Consider a flat-plate solar collector placed horizontally on the flat roof of a house. The collector is \(5 \mathrm{ft}\) wide and \(15 \mathrm{ft}\) long, and the average temperature of the exposed surface of the collector is \(100^{\circ} \mathrm{F}\). The emissivity of the exposed surface of the collector is \(0.9\). Determine the rate of heat loss from the collector by convection and radiation during a calm day when the ambient air temperature is \(70^{\circ} \mathrm{F}\) and the effective sky temperature for radiation exchange is \(50^{\circ} \mathrm{F}\).
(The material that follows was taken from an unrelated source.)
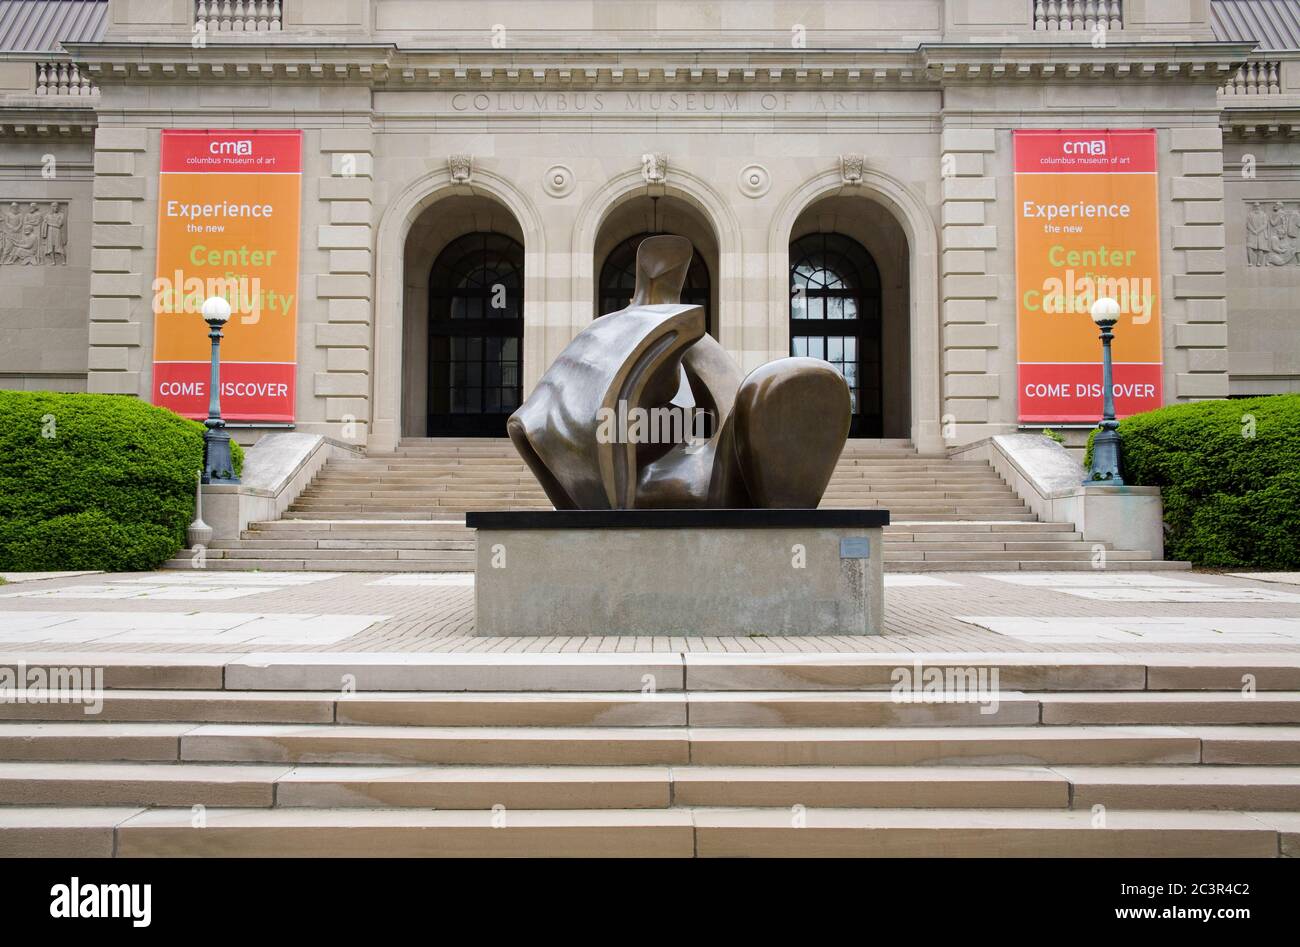 Museum of Art,Columbus,Ohio,USA Stock Photo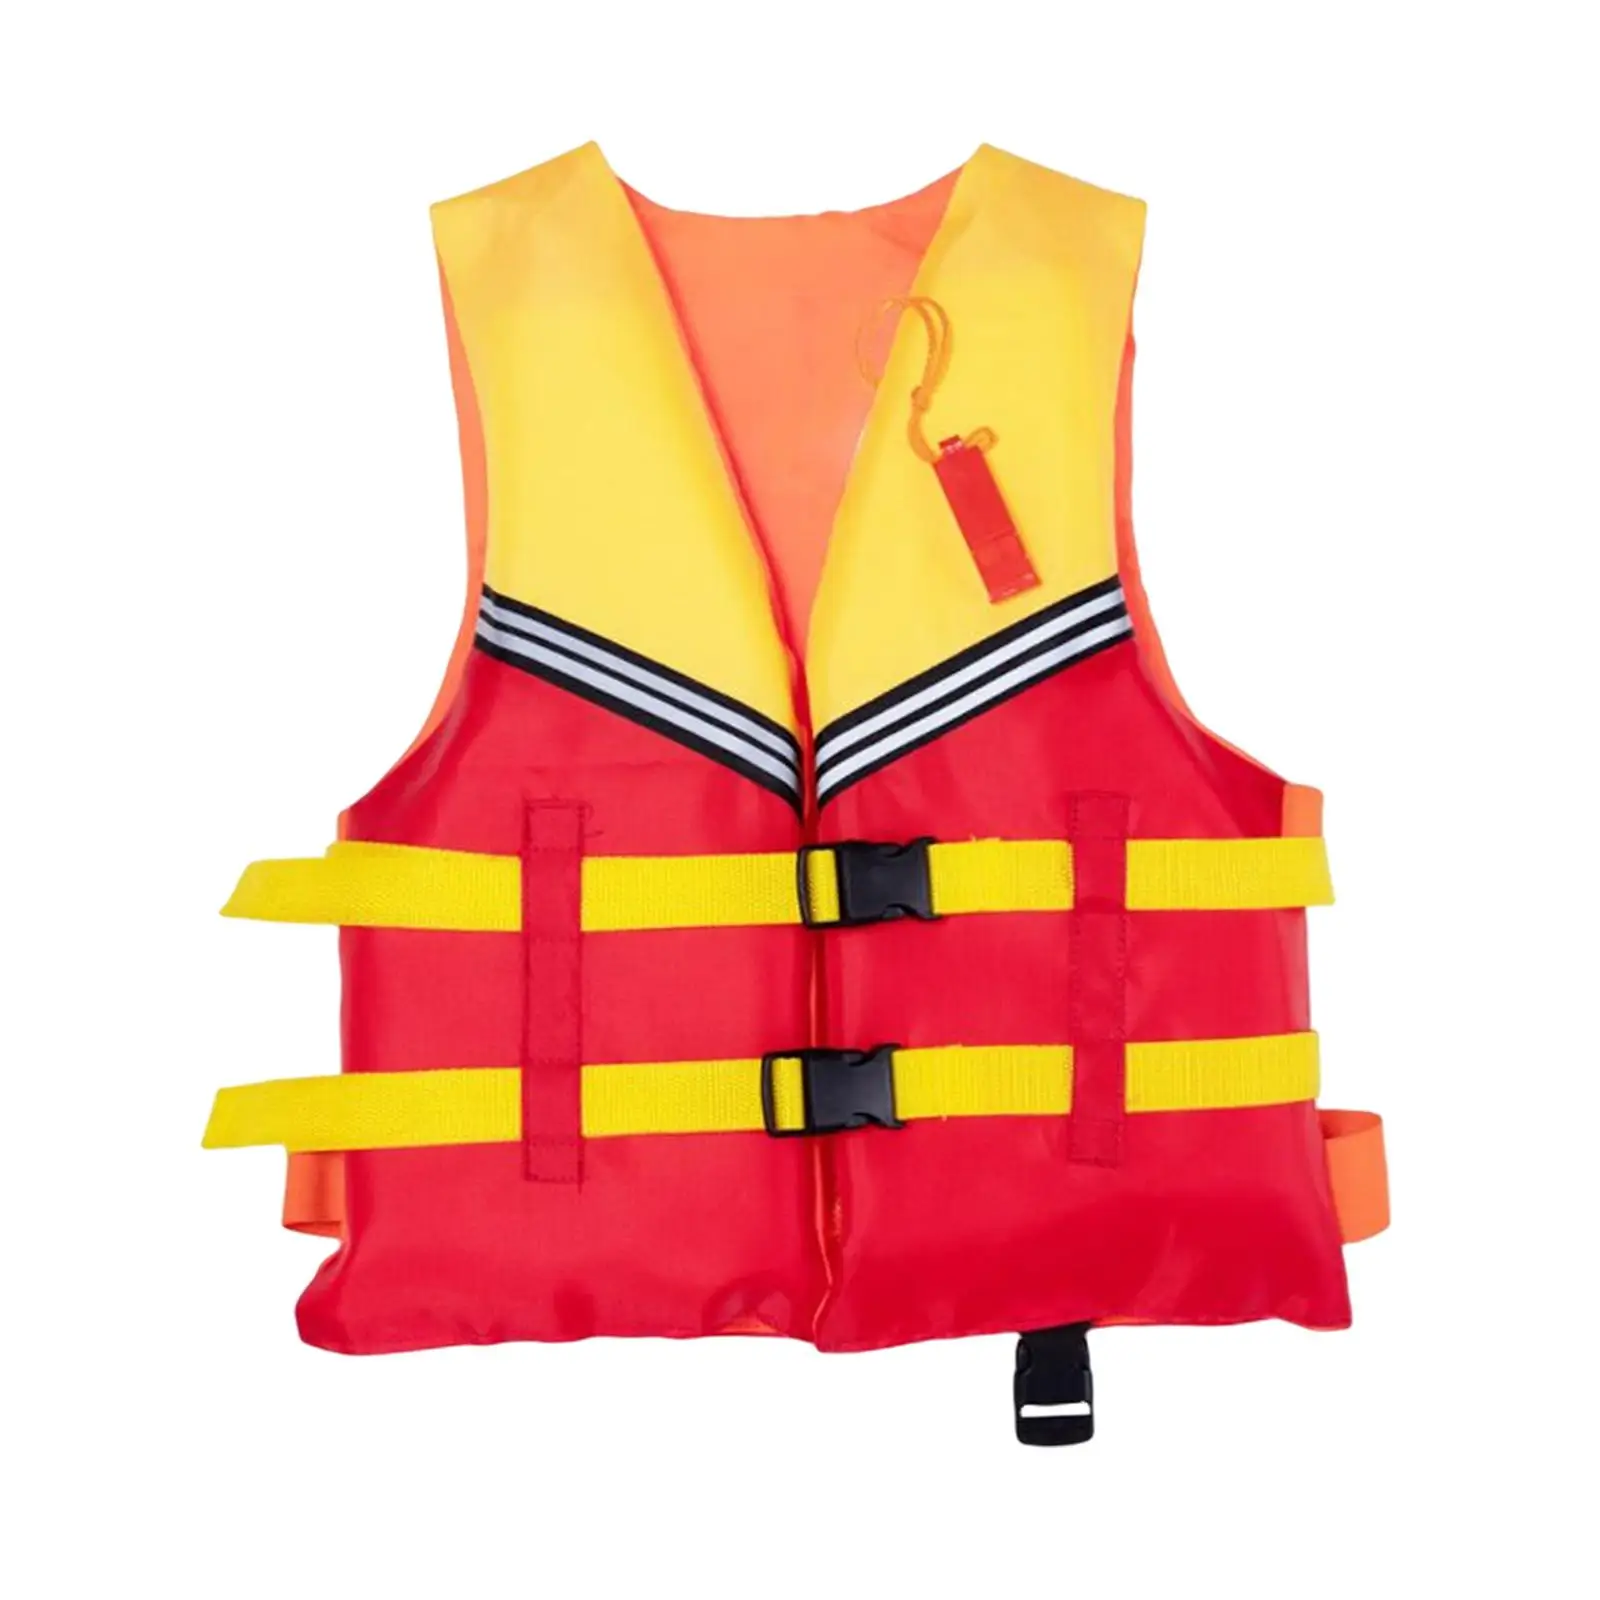 Life Jacket Adjustable Waist Belts Safety Gear Lightweight Buoyancy Aid Swim Vest for Floating Surfing Swimming Water Sport

Take the convection heat transfer coefficient on the exposed surface to be \(2.5 \mathrm{Btu} / \mathrm{h} \cdot \mathrm{ft}^{2} \cdot{ }^{\circ} \mathrm{F}\).

Short Answer

Expert verified
Answer: The total rate of heat loss from the solar collector during a calm day is 354 Btu/h.

Step by step solution

01

Compute the area of the solar collector

To calculate the heat loss, we first need to determine the area of the solar collector. The collector is given to be 5 ft wide and 15 ft long, so the area can be computed as: Area = width × length Area = 5 ft × 15 ft Area = 75 ft²
02

Calculate the heat loss due to convection

To calculate the heat loss due to convection, we use the convection heat transfer equation: Q_conv = h×A×(T_surface - T_ambient) Where: h = convection heat transfer coefficient = 2.5 Btu/h·ft²·°F A = area of the solar collector = 75 ft² T_surface = average temperature of the exposed surface = 100°F T_ambient = ambient air temperature = 70°F Plugging the values, we can compute the heat loss due to convection: Q_conv = 2.5 Btu/h·ft²·°F × 75 ft² × (100°F - 70°F) Q_conv = 187.5 Btu/h
03

Calculate the heat loss due to radiation

To calculate the heat loss due to radiation, we use the Stefan-Boltzmann law for the rate of radiation heat transfer: Q_rad = ε×σ×A×(T_surface^4 - T_sky^4) Where: ε = emissivity = 0.9 (dimensionless) σ = Stefan-Boltzmann constant = 5.67×10^{-8} W/m²·K⁴ = 1.714×10^{-9} Btu/h·ft²·°R⁴ (conversion 1 W = 3.412 Btu/h) A = area of the solar collector = 75 ft² T_surface and T_sky are the surface and sky temperatures, respectively, in °R: T_surface = 100°F + 460 = 560°R T_sky = 50°F + 460 = 510°R Plugging the values, we can compute the heat loss due to radiation: Q_rad = 0.9 × 1.714×10^{-9} Btu/h·ft²·°R⁴ × 75 ft² × (560^4°R - 510^4°R) Q_rad ≈ 166.5 Btu/h
04

Calculate the total heat loss

Finally, we can add the heat loss due to convection and radiation to find the total heat loss: Q_total = Q_conv + Q_rad Q_total = 187.5 Btu/h + 166.5 Btu/h Q_total = 354 Btu/h The total rate of heat loss from the solar collector during a calm day is 354 Btu/h.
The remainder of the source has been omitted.